The Plot, Persepolis, Watchmen, V for Vendetta, Hacktivist, US… these are comics that act as documentaries, as fiction, as auto-biographies. Even simpler comics can have large and wide-ranging outcomes, like the time Superman the comic book character defeated the real-life Klu Klux Clan, the real-life guilting of America into World War II while two Jews turned the Nazi ideal against itself using a comic book character, and the reaction to the power of comics that resulted in the Comics Code Authority. We’ll get to all of that because it’s a part of the larger tale that is this story, the tale of a time when They Called Us Enemy.

Everyone knows Star Trek. It’s become a part of our cultural zeitgeist, with a half-dozen television series and more than twice as many movies, but when it started it was a huge risk. The idea was to portray a future utopian society of highly competent people from a variety of nationalities, all of them working together to create the best of all worlds. The crew of the starship Enterprise was an exploratory-research mission and the crew themselves were scientists with no dedicated soldiers among them.

George Takei played Officer Sulu, a Japanese scientist who served as an officer on the bridge of the ship. In an era where racist caricatures were still the order of the day, Sulu was calm, professional, skilled, and intelligent. The rest the crew relied on his intelligence, respected him, and listened to what he had to say. This was a direct argument to the reality of America both at that time and especially twenty years prior.

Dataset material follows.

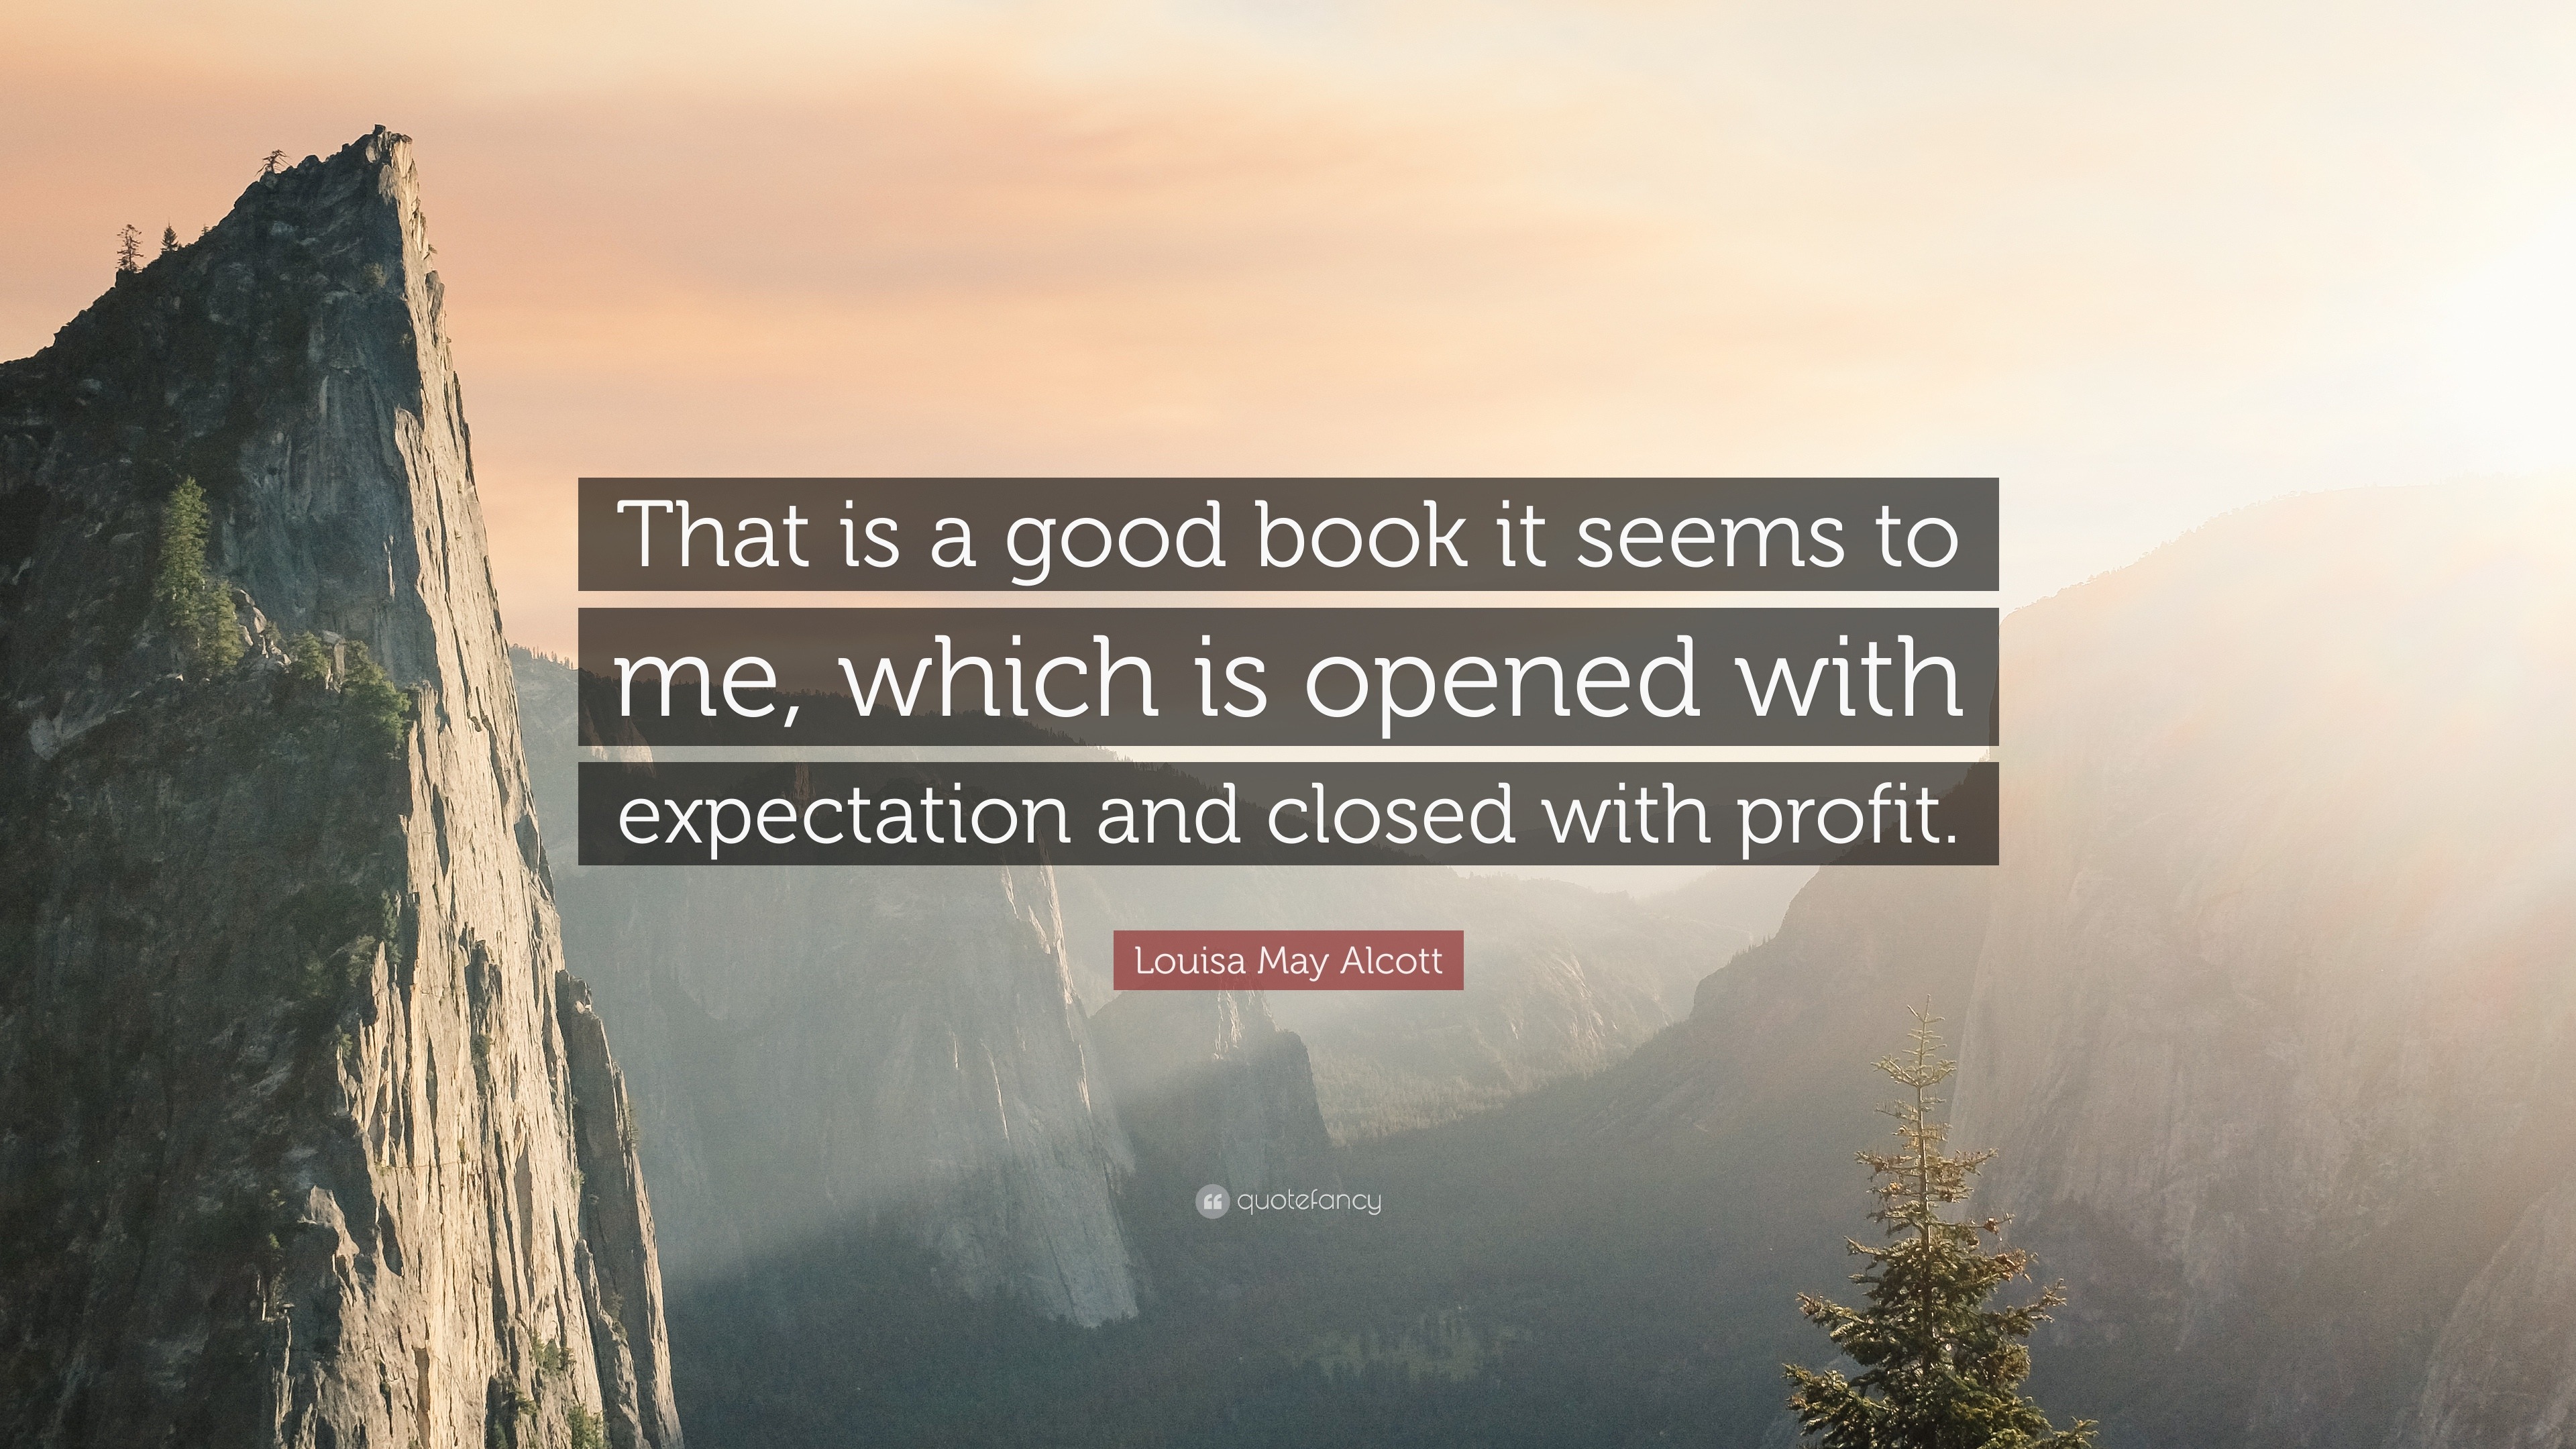 Louisa May Alcott Quote: “That is a good book it seems to me, which is opened with expectation ...

When Japan attacked Pearl Harbor in 1942, Conservative politicians and pundits pressured then-President Roosevelt into acting out of fear. The result is that an entire subsection of the American populace was stripped of their rights and property, forcibly relocated and given barely enough to survive on. It’s become on the more shameful parts of American history, and one that modern America is happy to gloss over so that they can repeat the same mistake again.

Except George Takei is entirely unwilling to let that happen without doing something.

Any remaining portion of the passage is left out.